[Date Prev][Date Next][Thread Prev][Thread Next][Date Index][Thread Index]
Re: [Qemu-devel] [PATCH] ioapic: allow buggy guests mishandling level-tr
From: |
Liran Alon |
Subject: |
Re: [Qemu-devel] [PATCH] ioapic: allow buggy guests mishandling level-triggered interrupts to make progress |
Date: |
Mon, 1 Apr 2019 20:37:33 +0300 |
> On 1 Apr 2019, at 20:28, Vitaly Kuznetsov <address@hidden> wrote:
>
> Liran Alon <address@hidden> writes:
>
>>> On 1 Apr 2019, at 18:58, Vitaly Kuznetsov <address@hidden> wrote:
>>>
>>> Liran Alon <address@hidden> writes:
>>>
>>>>> On 1 Apr 2019, at 16:36, Vitaly Kuznetsov <address@hidden> wrote:
>>>>>
>>>>> It was found that Hyper-V 2016 on KVM in some configurations (q35 machine
>>>>> +
>>>>> piix4-usb-uhci) hangs on boot. Trace analysis led us to the conclusion
>>>>> that
>>>>> it is mishandling level-triggered interrupt performing EOI without fixing
>>>>> the root cause.
>>>>
>>>> I would rephrase as:
>>>> It was found that Hyper-V 2016 on KVM in some configurations (q35 machine
>>>> + piix4-usb-uhci) hangs on boot.
>>>> Root-cause was that one of Hyper-V level-triggered interrupt handler
>>>> performs EOI before fixing the root-cause.

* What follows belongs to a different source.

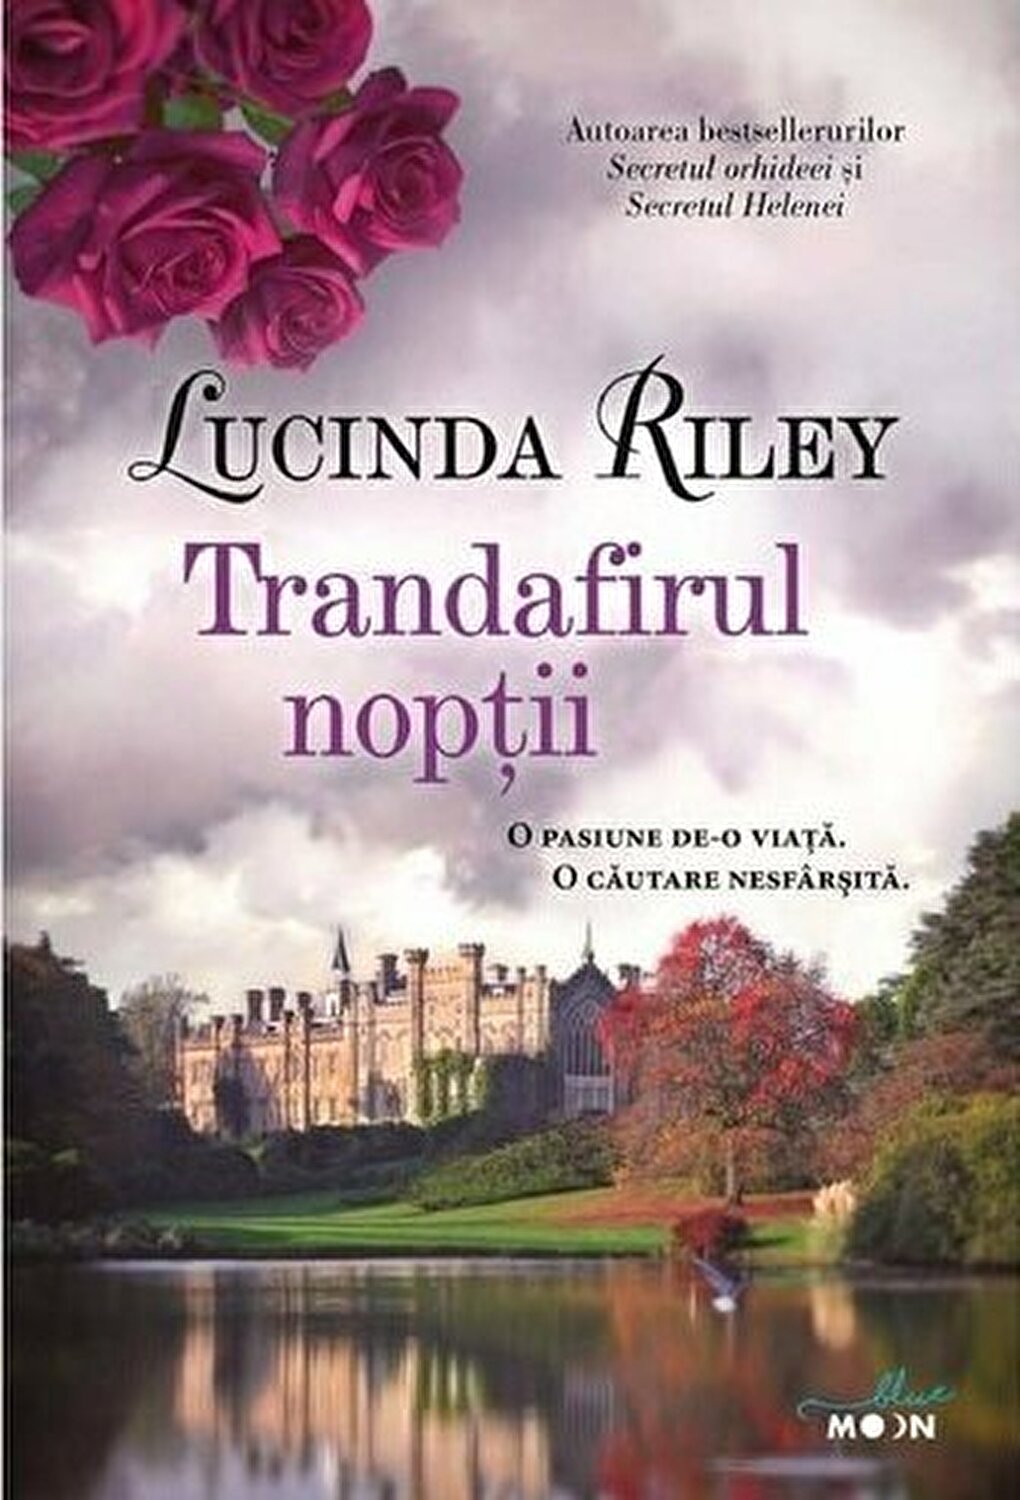 Trandafirul noptii | Lucinda Riley carturesti.ro poza bestsellers.ro

>>>> This results in IOAPIC keep re-raising the level-triggered interrupt
>>>> after EOI because irq-line remains asserted.
>>>
>>> Ok, thanks for the suggestion.
>>>
>>>>
>>>>> This causes immediate re-assertion and L2 VM (which is
>>>>> supposedly expected to fix the cause of the interrupt) is not making any
>>>>> progress.
>>>>
>>>> I don’t know why you assume this.
>>>> From the trace we have examined, it seems that the EOI is performed by
>>>> Hyper-V and not it’s guest
>>>> This means that the handler for this level-triggered interrupt is on
>>>> Hyper-V and not it’s guest.
>>>
>>> If you let it run (with e.g. this patch or by setting preemtion timer >
>>> 0) you'll see that MMIO write fixing the cause of the interrupt is
>>> happening from L2:
>>>
>>> (qemu) info pci:
>>>
>>> Bus 0, device 4, function 0:
>>> USB controller: PCI device 8086:7112
>>> PCI subsystem 1af4:1100
>>> IRQ 23.
>>> BAR4: I/O at 0x6060 [0x607f].
>>> id ""
>>>
>>> ...
>>> 538597.212494: kvm_exit: reason VMRESUME rip 0xfffff80004250115
>>> info 0 0
>>> 538597.212499: kvm_entry: vcpu 0
>>> 538597.212506: kvm_exit: reason IO_INSTRUCTION rip
>>> 0xfffff80e02ac6a27 info 60620009 0
>>> 538597.212507: kvm_nested_vmexit: rip fffff80e02ac6a27 reason
>>> IO_INSTRUCTION info1 60620009 info2 0 int_info 0 int_info_err 0
>>> 538597.212509: kvm_fpu: unload
>>> 538597.212511: kvm_userspace_exit: reason KVM_EXIT_IO (2)
>>> 538597.212516: kvm_fpu: load
>>> 538597.212518: kvm_pio: pio_read at 0x6062 size 2 count 1 val
>>> 0x1
>>> 538597.212519: kvm_entry: vcpu 0
>>> 538597.212523: kvm_exit: reason IO_INSTRUCTION rip
>>> 0xfffff80e02ac6a61 info 60640009 0
>>> 538597.212523: kvm_nested_vmexit: rip fffff80e02ac6a61 reason
>>> IO_INSTRUCTION info1 60640009 info2 0 int_info 0 int_info_err 0
>>> 538597.212524: kvm_fpu: unload
>>> 538597.212525: kvm_userspace_exit: reason KVM_EXIT_IO (2)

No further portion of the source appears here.